I sincerely hope he make a difference, doing some good for society with some of those winnings.


----------



## Ukrainiandude (Aug 25, 2020)

Is this before or after taxes?


----------



## Beaver101 (Nov 14, 2011)

^ Lottery winnings are tax-free in Canada. Investments from the winnings are then taxable.


----------



## cainvest (May 1, 2013)

james4beach said:


> This lucky guy in Regina won $70 million.
> 
> For his sake, I really hope he gets some good quality advice from professionals... that's a lot of money to suddenly have.


With $70 million he doesn't need investment advice other than don't blow it all before you die.


----------



## diharv (Apr 19, 2011)

After taking care of family on my side and my wife's, including third world cousins, we'd probably be left with half.


----------



## milhouse (Nov 16, 2016)

Beaver101 said:


> ^ Life is gonna to get verry verry verry busy for this guy. For one, everyone is gonna to come out of the wood-works wanting to be his "friend" including those he unfriends on FakeBook.

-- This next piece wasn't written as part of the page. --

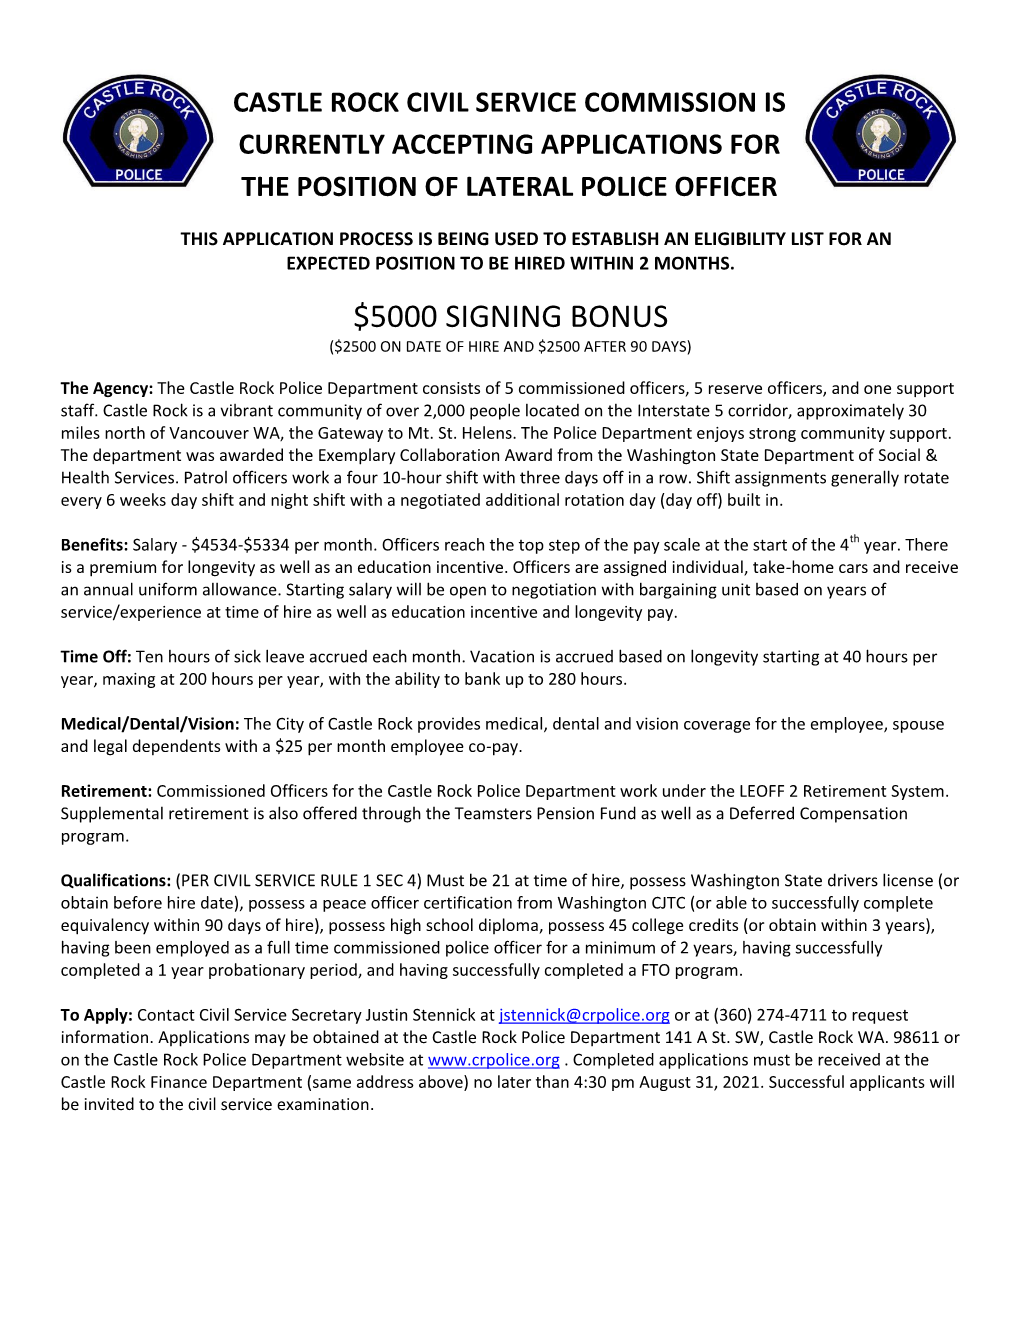 Castle Rock Civil Service Commission Is Currently Accepting Applications for the Position of Lateral Police Officer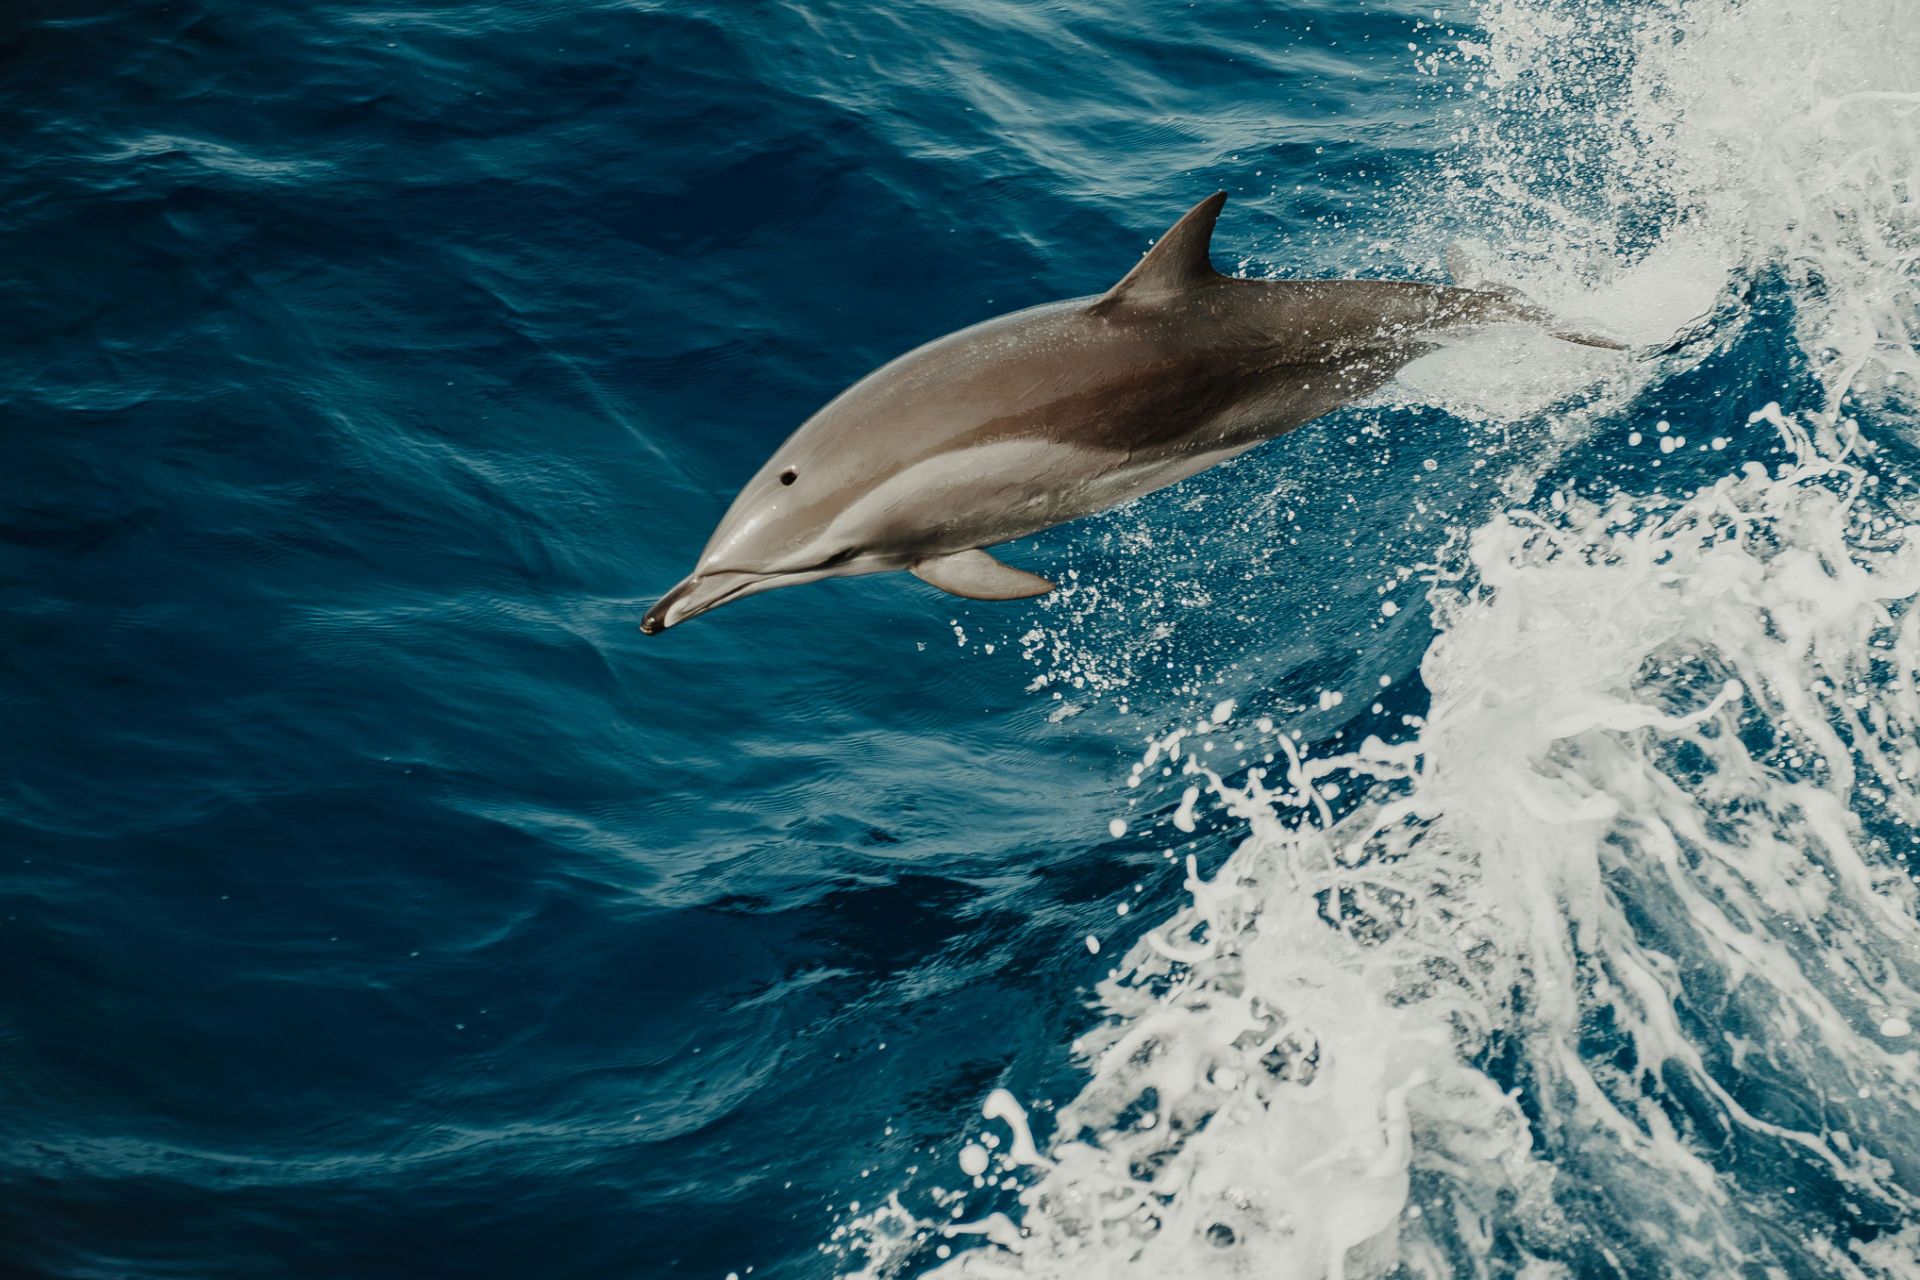 Make your images load fast - like this dolphin swimming quickly

One of my coworker's close friends won a few million from the top prize of one of the lotteries. While it wasn't surprising that our coworker said that his friend got innundated with calls from long lost friends, relatives, and strangers asking for money, apparently they also got a lot of threats from people angry that he won, didn't deserve to win, wasn't the rightful winner, etc. Kind of scary stuff and no wonder many people don't want their identities published even thought that's part of the deal.


----------



## Money172375 (Jun 29, 2018)

james4beach said:


> This lucky guy in Regina won $70 million.
> 
> For his sake, I really hope he gets some good quality advice from professionals... that's a lot of money to suddenly have.
> 
> ...


Lol. No CMF users would ever recommend an advisor. 

An account that Big would have fees under 1% in my estimation. With that much money, it’s not all about performance. Who cares about a few percentage points. You want piece of mind, tax advice, estate planning…….and someone to tell you do not look at the market every day.


----------



## Beaver101 (Nov 14, 2011)

milhouse said:


> One of my coworker's close friends won a few million from the top prize of one of the lotteries. While it wasn't surprising that our coworker said that his friend got innundated with calls from long lost friends, relatives, and strangers asking for money, apparently they also got a lot of threats from people angry that he won, didn't deserve to win, wasn't the rightful winner, etc. Kind of scary stuff and no wonder many people don't want their identities published even thought that's part of the deal.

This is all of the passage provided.